EXERCISE AIM
Keep every word of the listing and drop the images when you write it out.

SUPPLIED INFORMATION section start

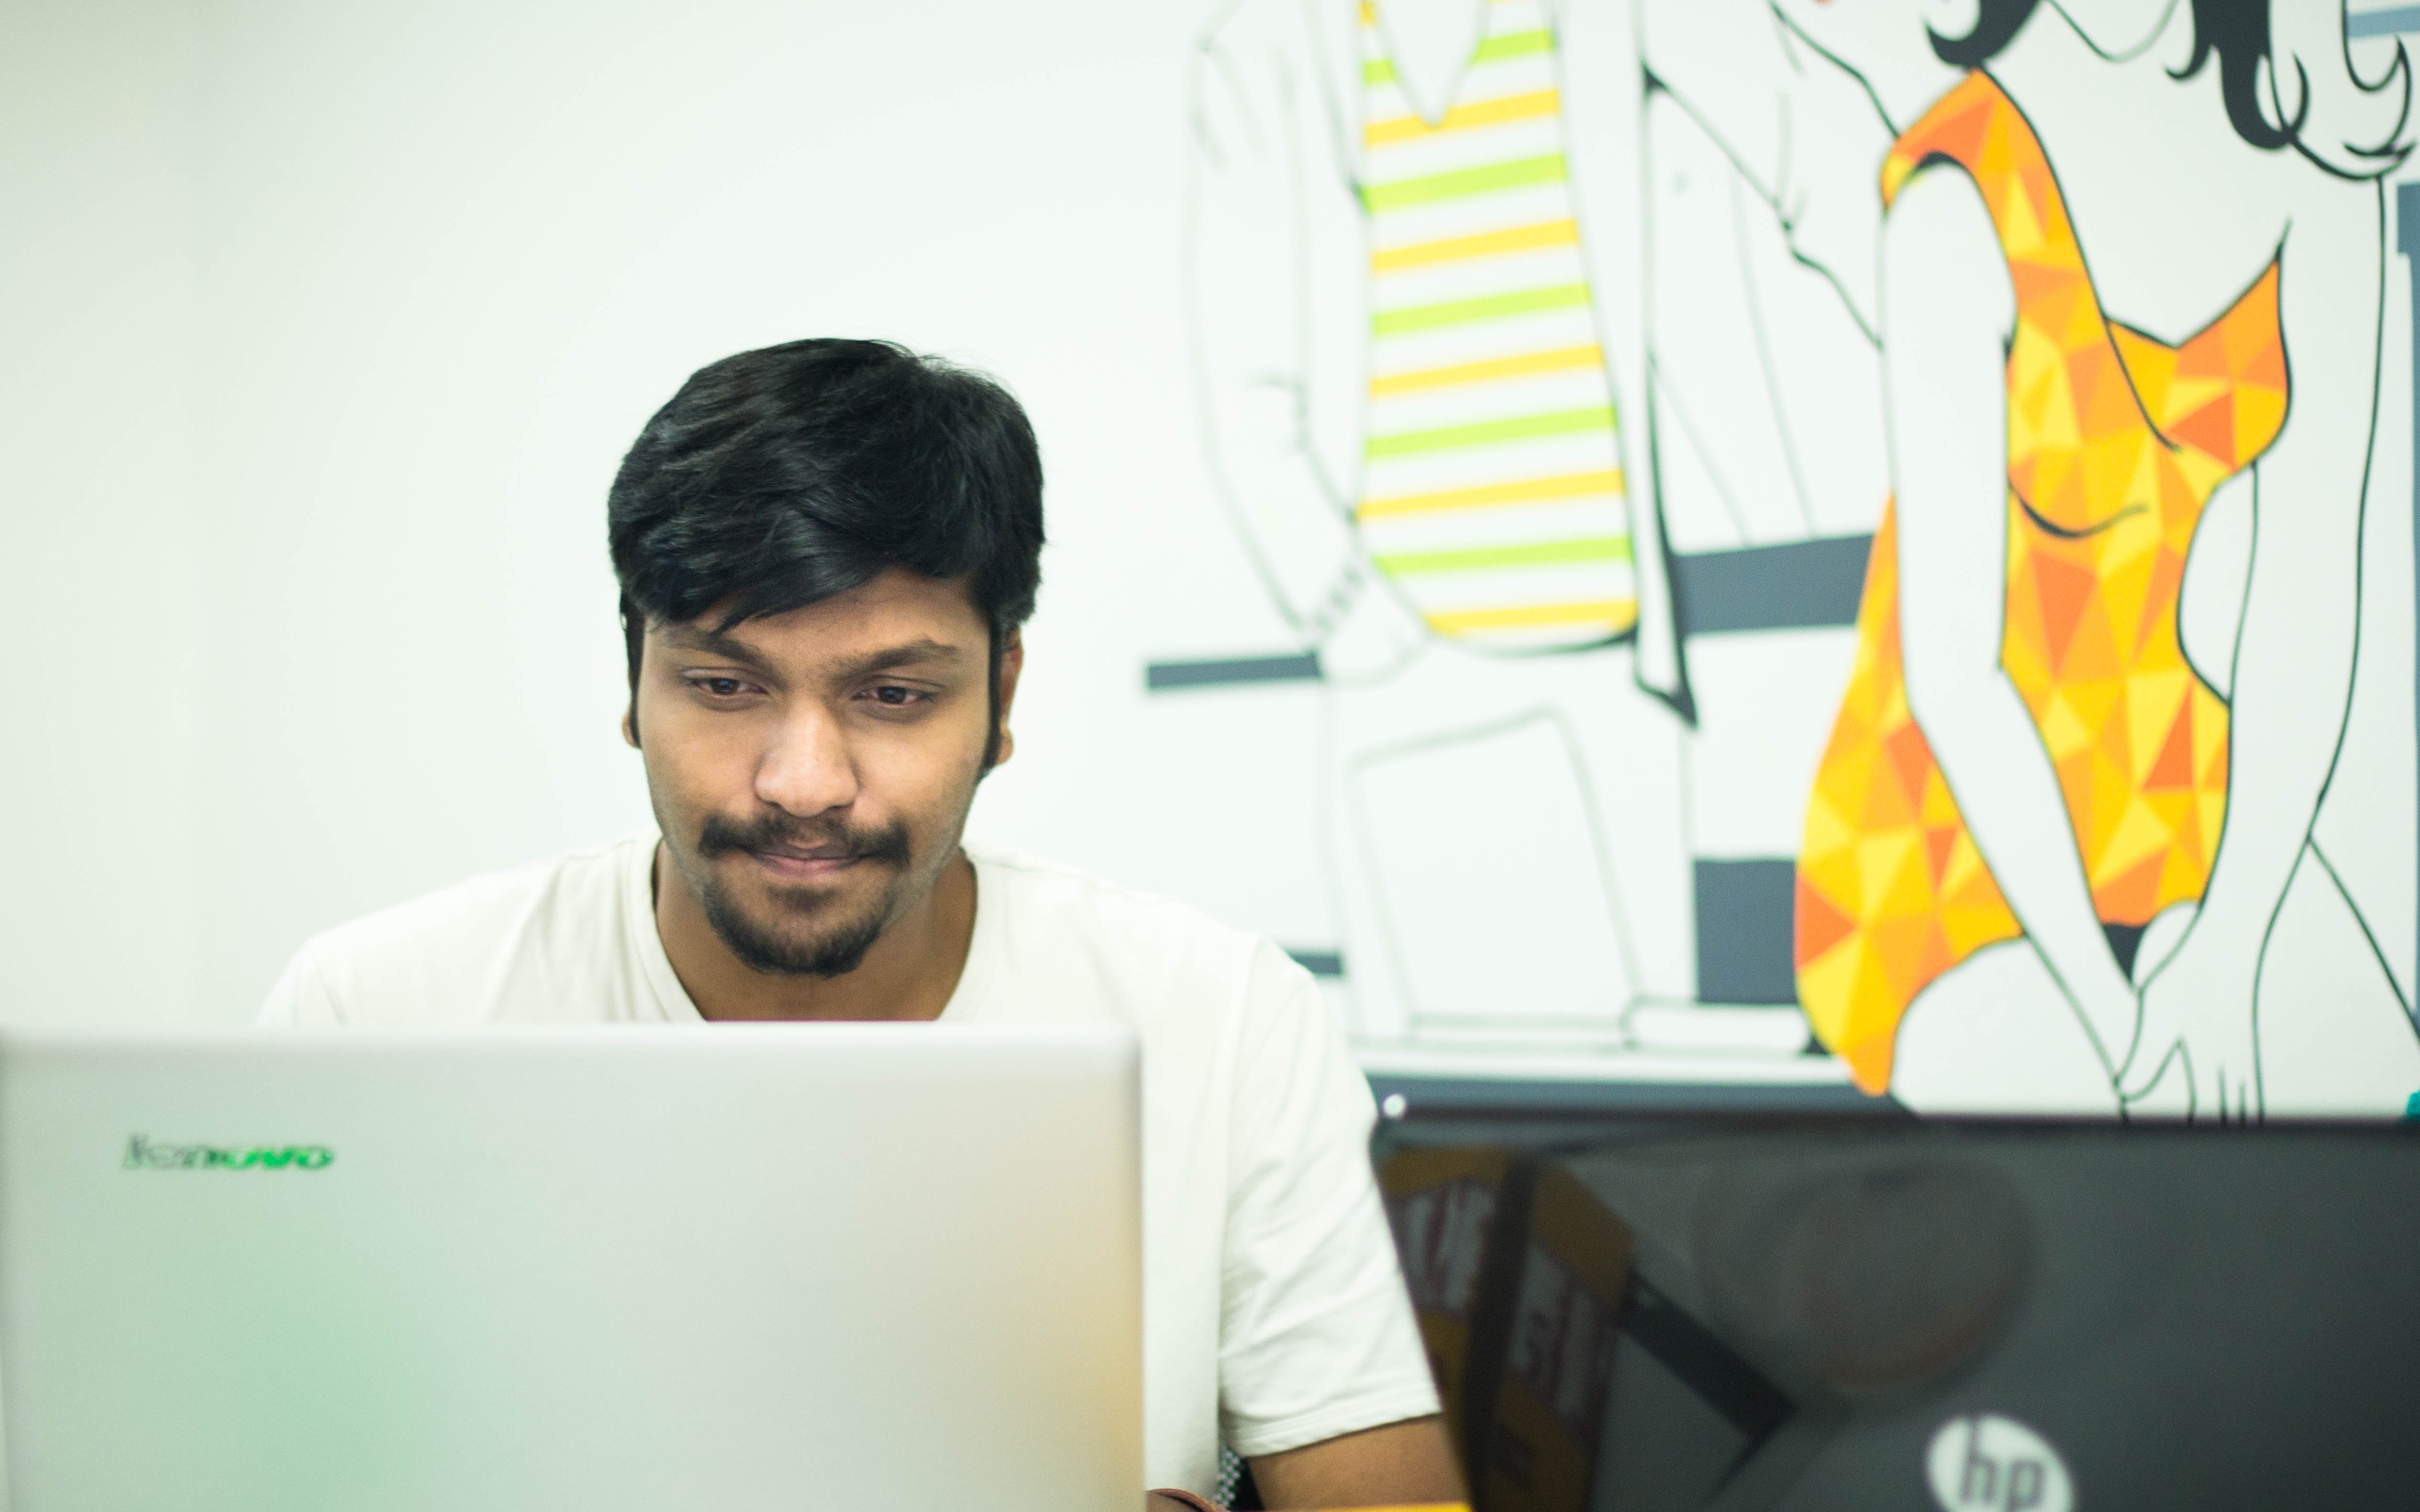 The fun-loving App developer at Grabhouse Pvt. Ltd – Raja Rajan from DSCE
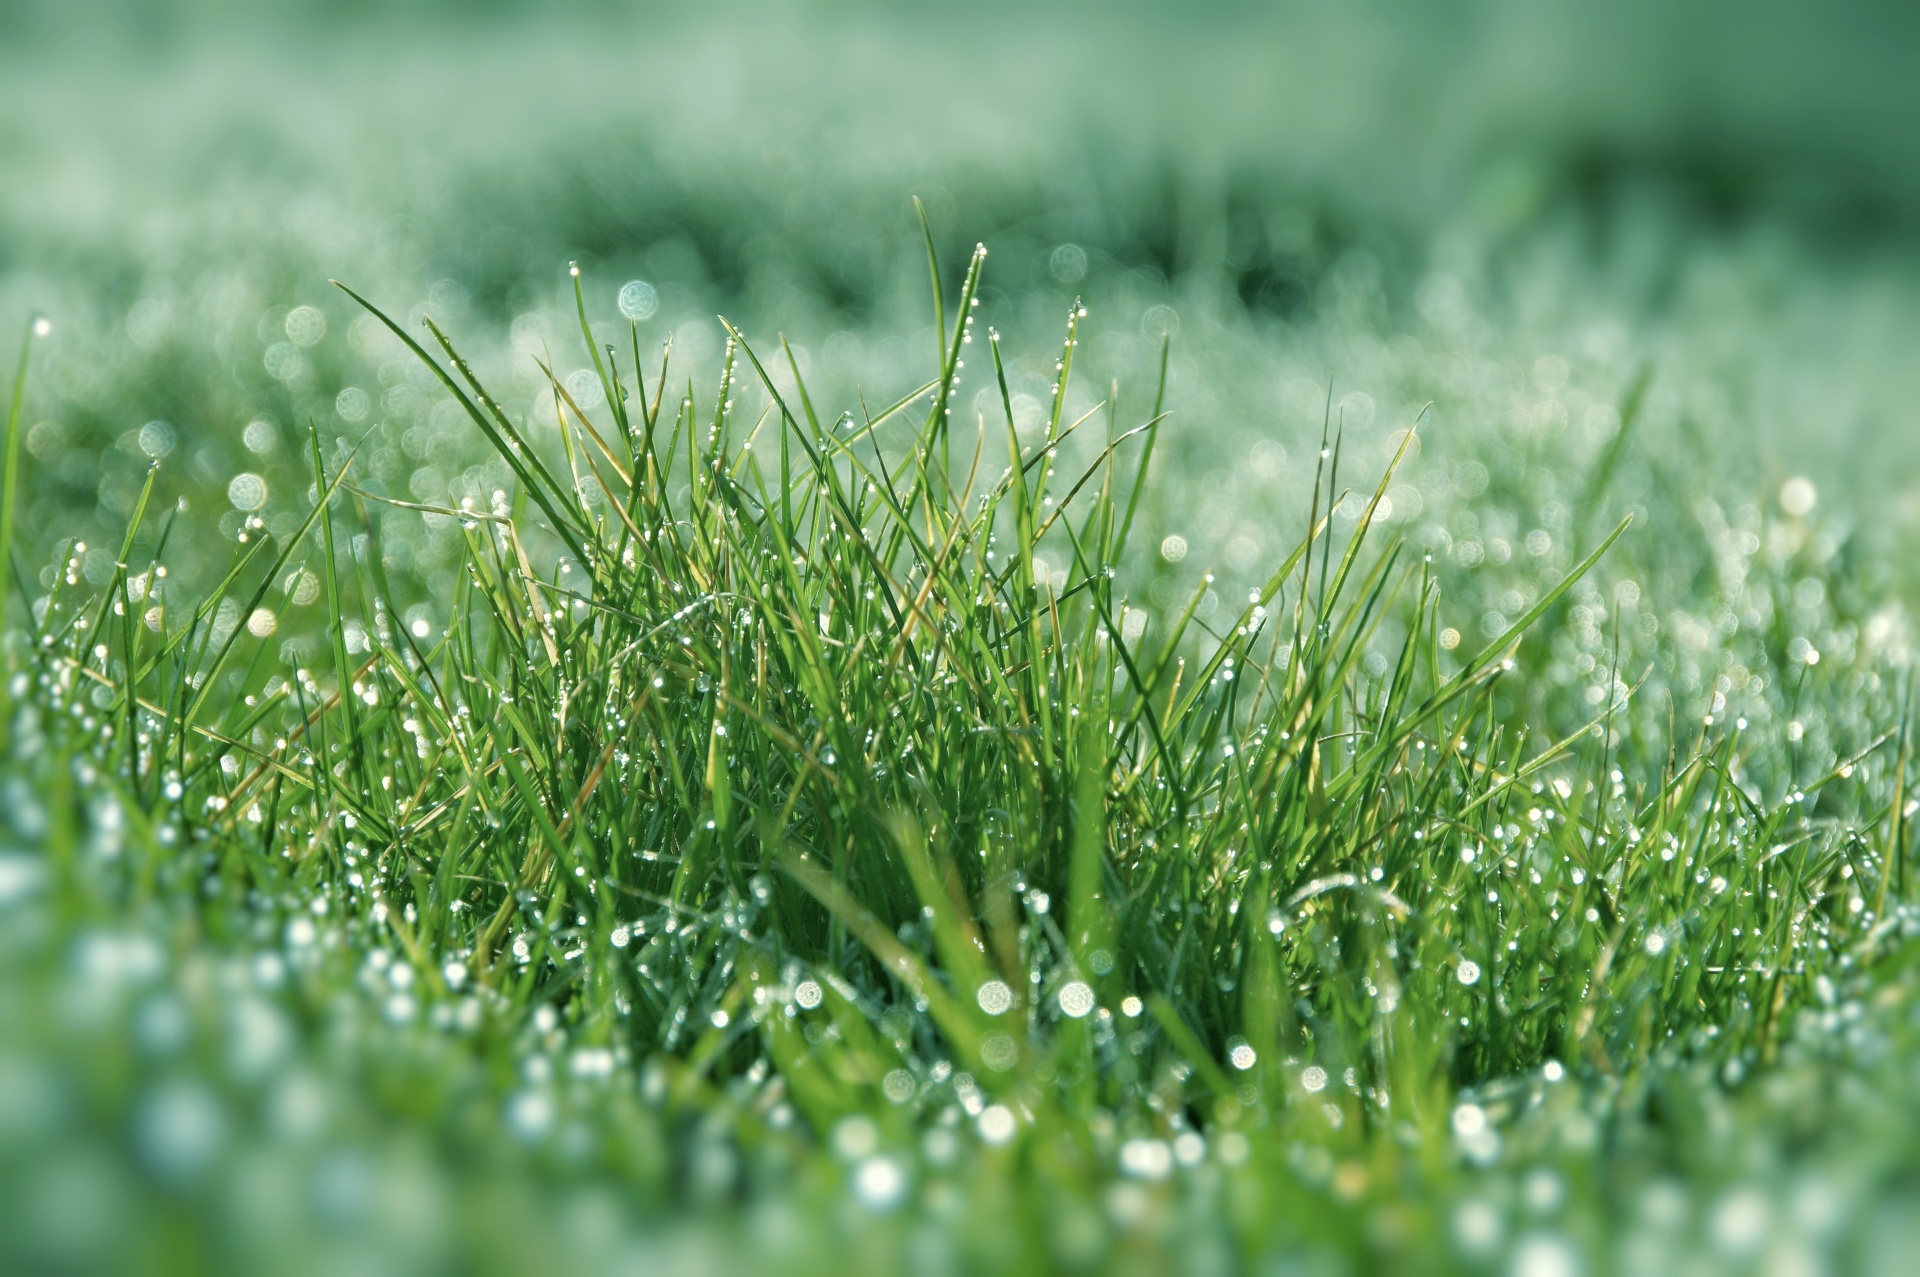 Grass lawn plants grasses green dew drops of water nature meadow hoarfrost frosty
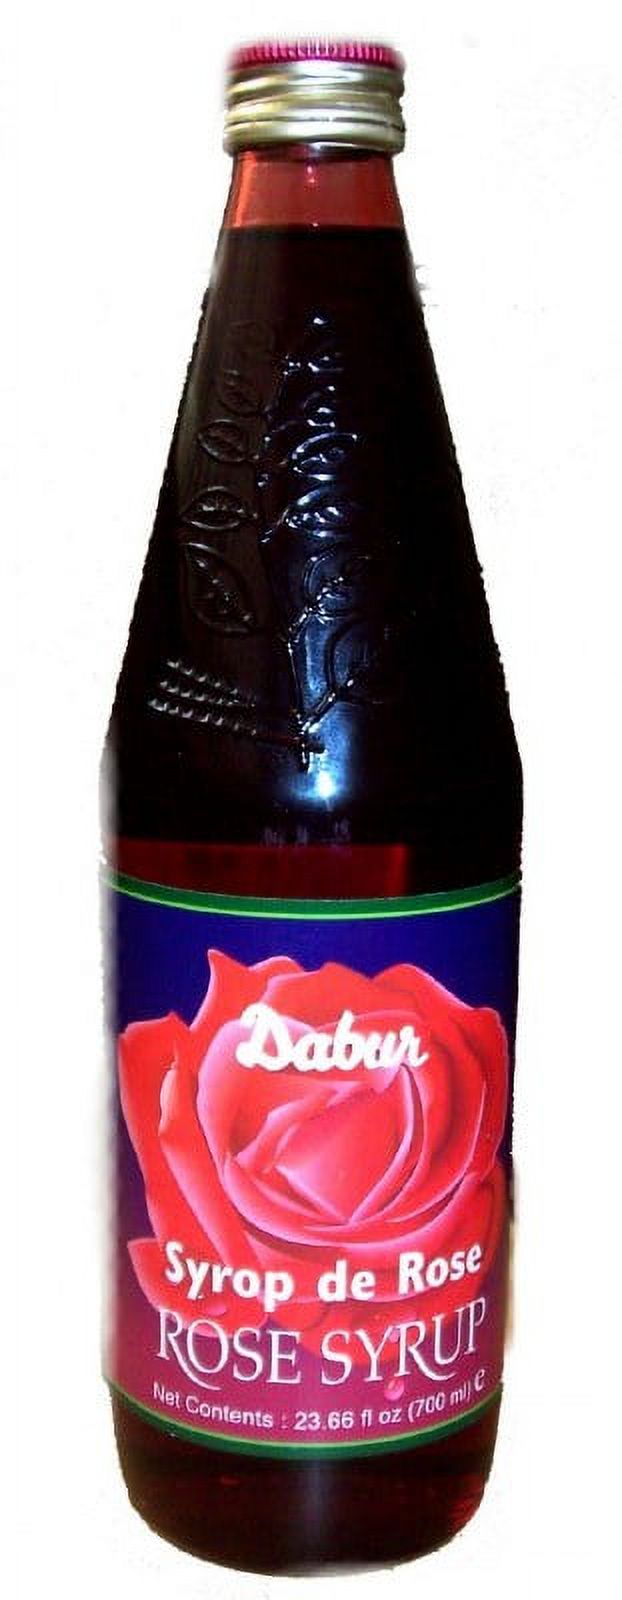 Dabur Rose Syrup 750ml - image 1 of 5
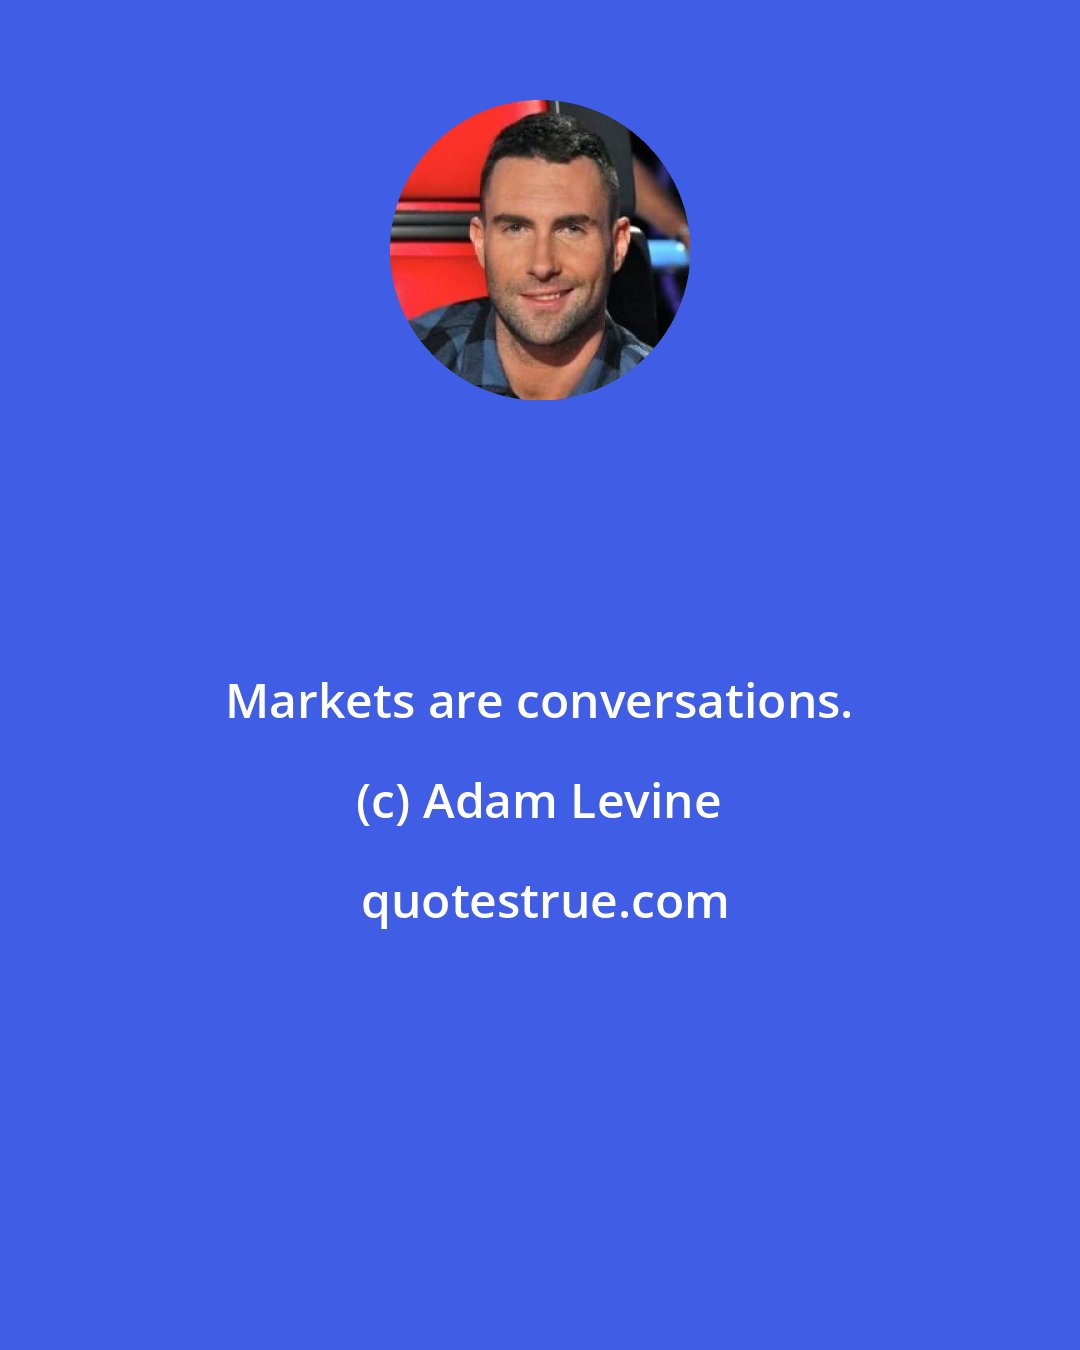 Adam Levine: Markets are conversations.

SUPPLIED INFORMATION section end

ANSWER TO THE PROBLEM
 The fun-loving App developer at Grabhouse Pvt. Ltd – Raja Rajan from DSCE
 Grass lawn plants grasses green dew drops of water nature meadow hoarfrost frosty
 Dabur Rose Syrup 750ml - image 1 of 5
 Adam Levine: Markets are conversations.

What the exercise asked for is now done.